Question

based on a poll, 67% of internet users are more careful about personal information when using a public wi - fi hotspot. what is the probability that among four randomly selected internet users, at least one is more careful about personal information when using a public wi - fi hotspot? how is the result affected by the additional information that the survey subjects volunteered to respond? the probability that at least one of them is careful about personal information is (round to three decimal places as needed.)

Explanation:

Step1: Find the probability of a user not being careful

The probability that an internet - user is more careful is $p = 0.67$. So the probability that a user is not careful is $q=1 - p=1 - 0.67 = 0.33$.
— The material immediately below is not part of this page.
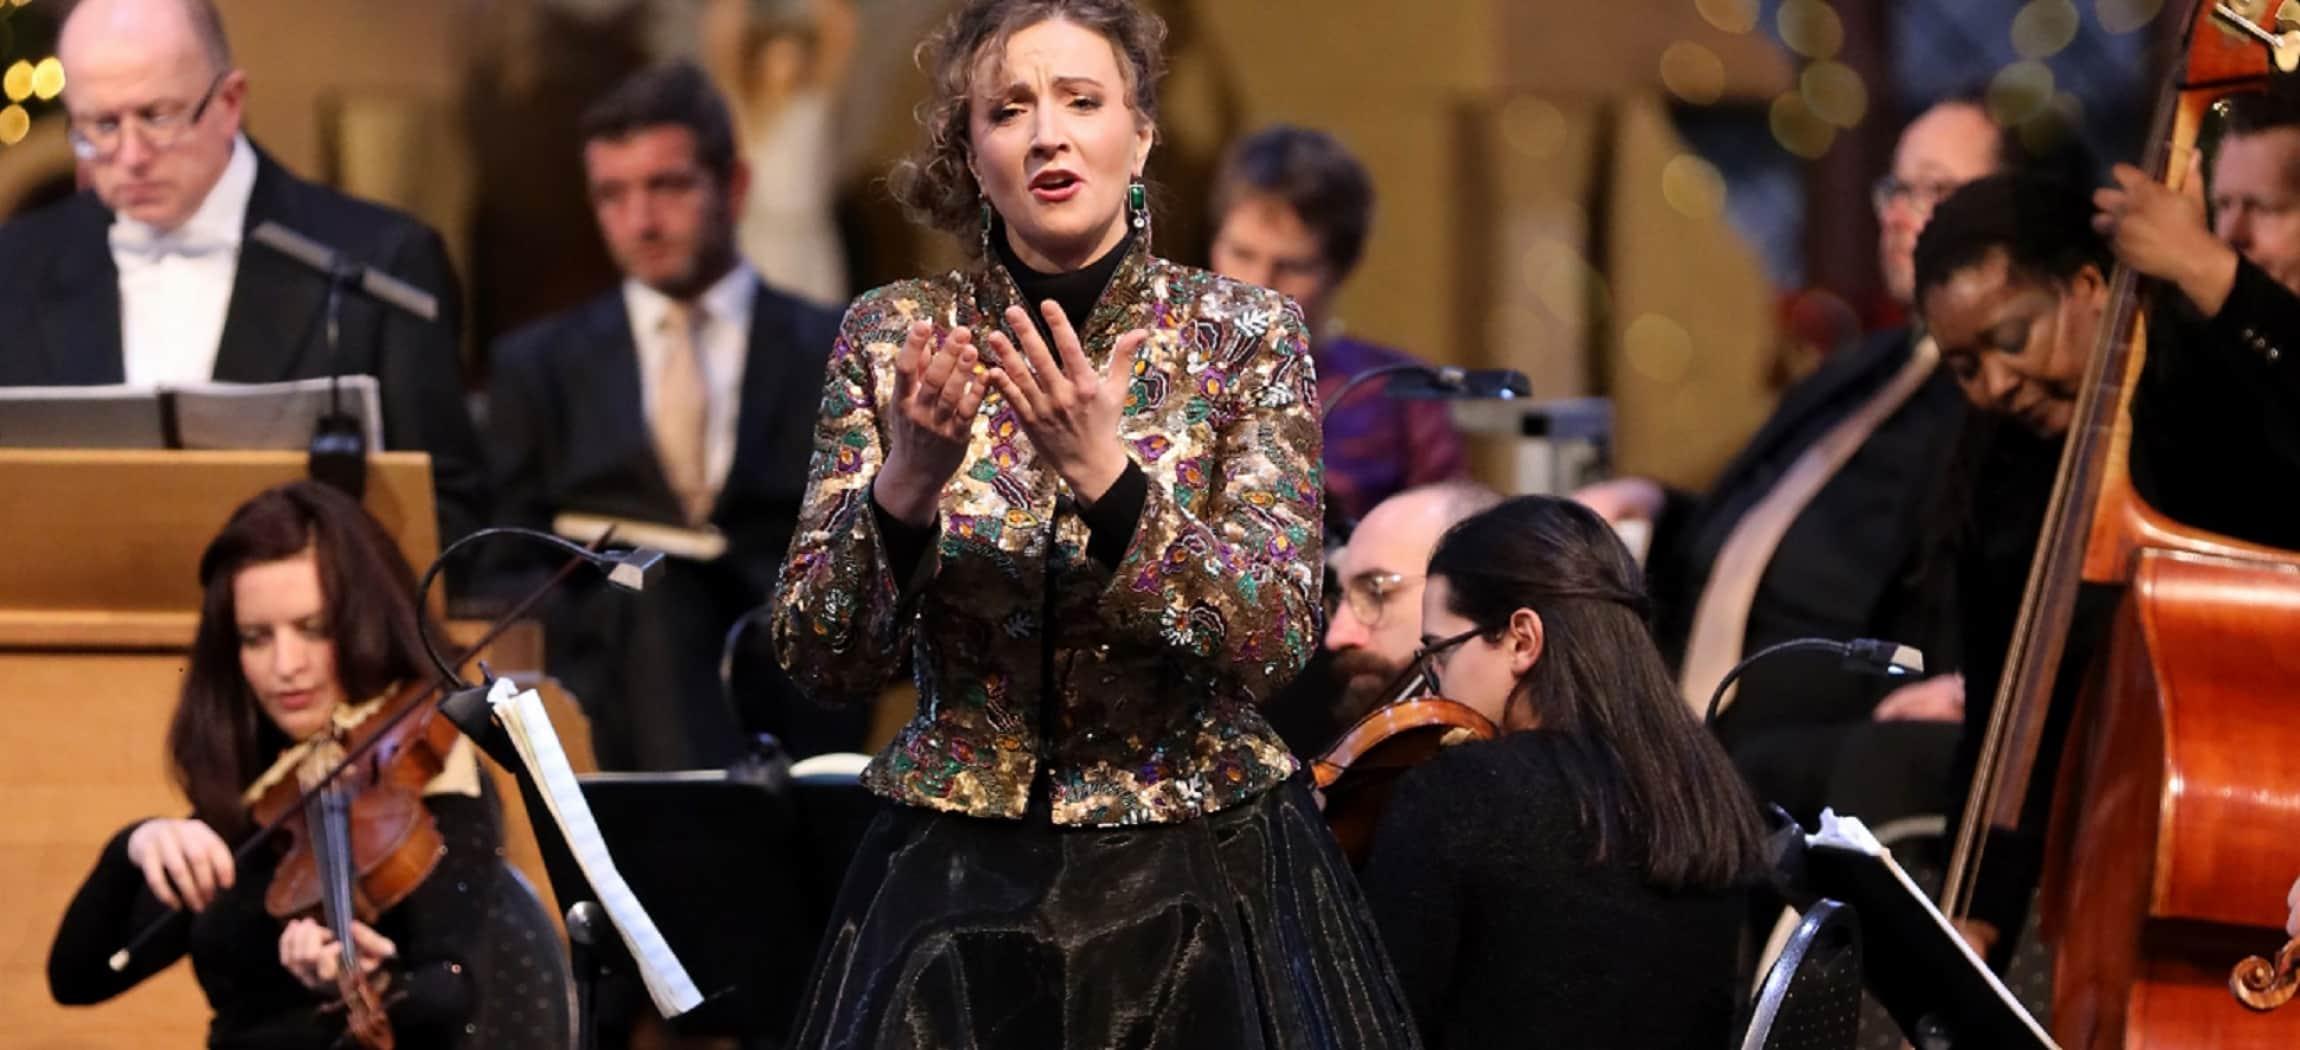 Sopraan Olga Zinovieva en countertenor Sytse Buwalda operazangers paarse achtergrond

Step2: Find the probability that none of the four users are careful

Since the selections are independent, the probability that none of the $n = 4$ randomly - selected users are careful is given by the binomial probability formula $P(X = k)=C(n,k)\times p^{k}\times q^{n - k}$, where $n = 4$, $k = 0$, $p = 0.67$, and $q = 0.33$. Here, $C(n,k)=\frac{n!}{k!(n - k)!}$, so $C(4,0)=\frac{4!}{0!(4 - 0)!}=1$. Then $P(X = 0)=C(4,0)\times(0.67)^{0}\times(0.33)^{4}=1\times1\times0.01185921 = 0.01185921$.

Step3: Find the probability that at least one user is careful

The probability that at least one user is careful is the complement of the event that none of the users are careful. Let $A$ be the event that at least one user is careful. Then $P(A)=1 - P(X = 0)$. So $P(A)=1-0.01185921 = 0.98814079\approx0.988$.
The fact that the survey subjects volunteered to respond means that there is a voluntary - response bias. People with strong opinions about personal information and public Wi - Fi are more likely to respond. This may not accurately represent the entire population of internet users, so the result may not be valid for all internet users.

Answer:

$0.988$